[Opening Data shown section]

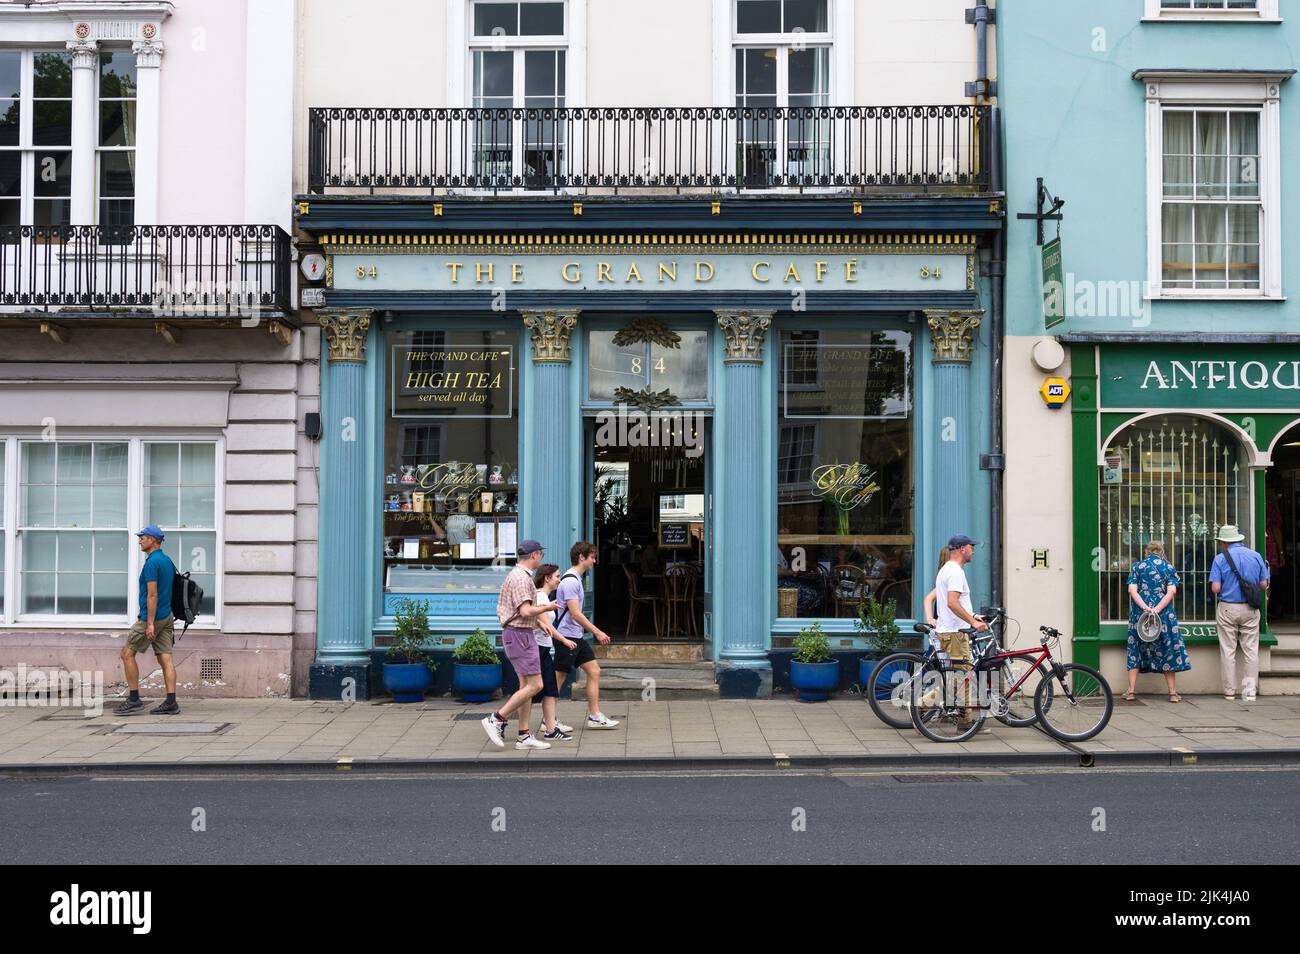 Exterior of The Grand Cafe tea room with people walking past, Oxford, UK Stock Photo
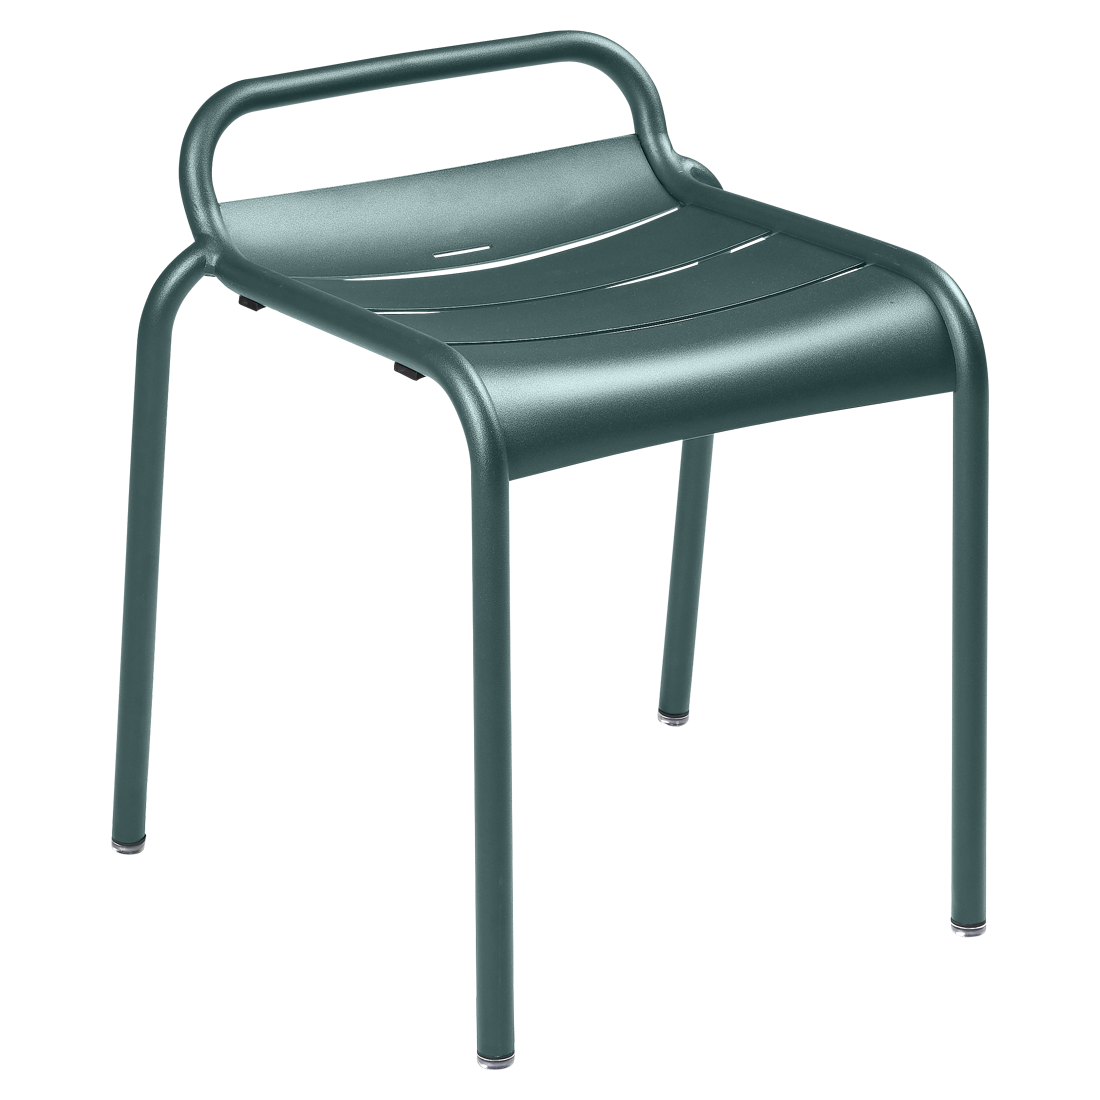 LUXEMBOURG / 4111 STACKING CHAIR
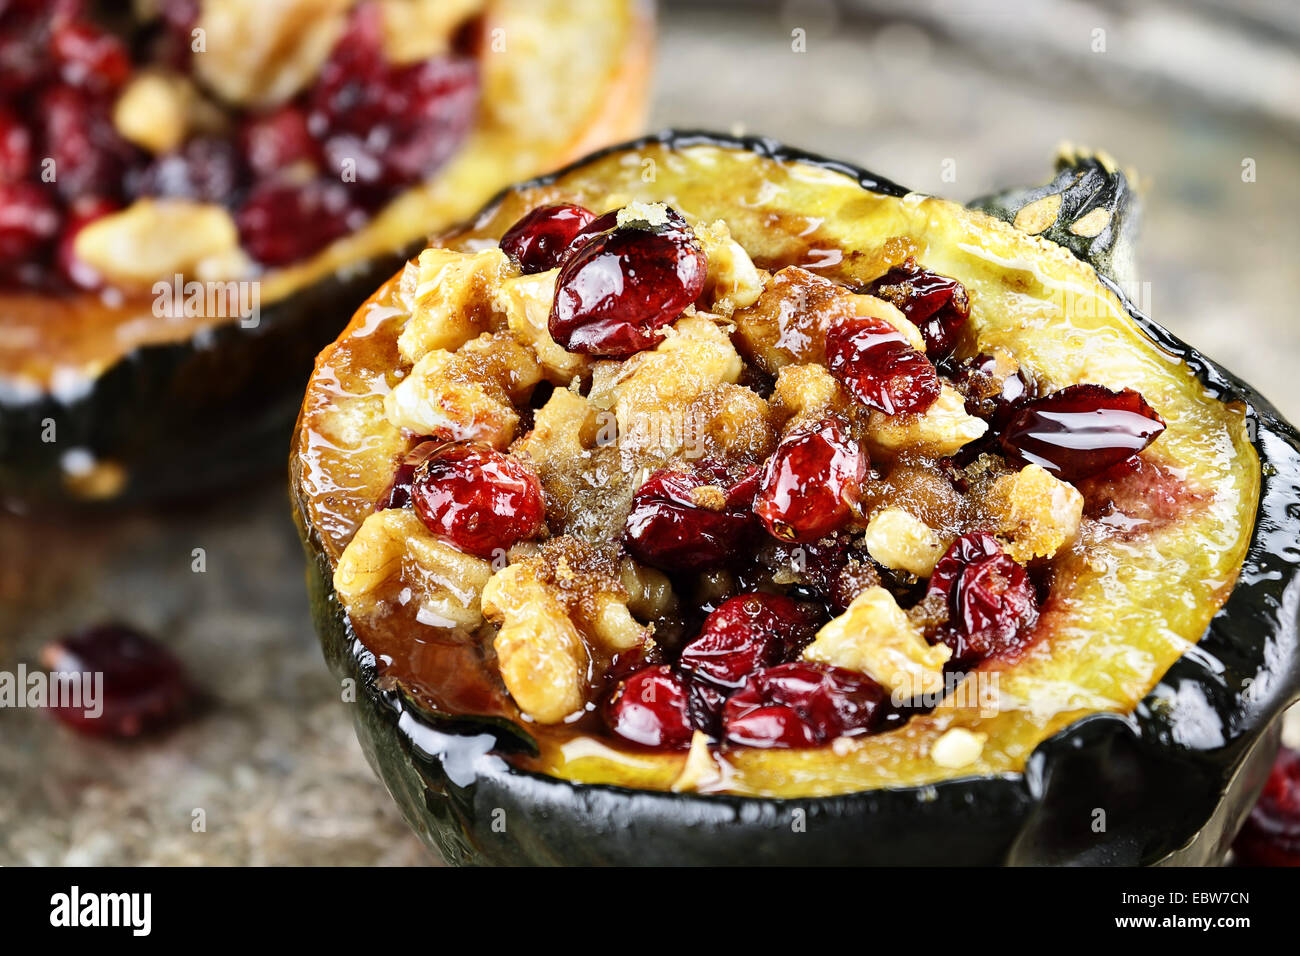 Acorn squash stuffed and baked with brown sugar, walnuts and cranberries, ready for holiday dinners. Stock Photo

[Closing Data shown section]

What the exercise asks -
Repeat the data above in full and exactly. Omit every image.

Written answer -
 Exterior of The Grand Cafe tea room with people walking past, Oxford, UK Stock Photo
 LUXEMBOURG / 4111 STACKING CHAIR
 Acorn squash stuffed and baked with brown sugar, walnuts and cranberries, ready for holiday dinners. Stock Photo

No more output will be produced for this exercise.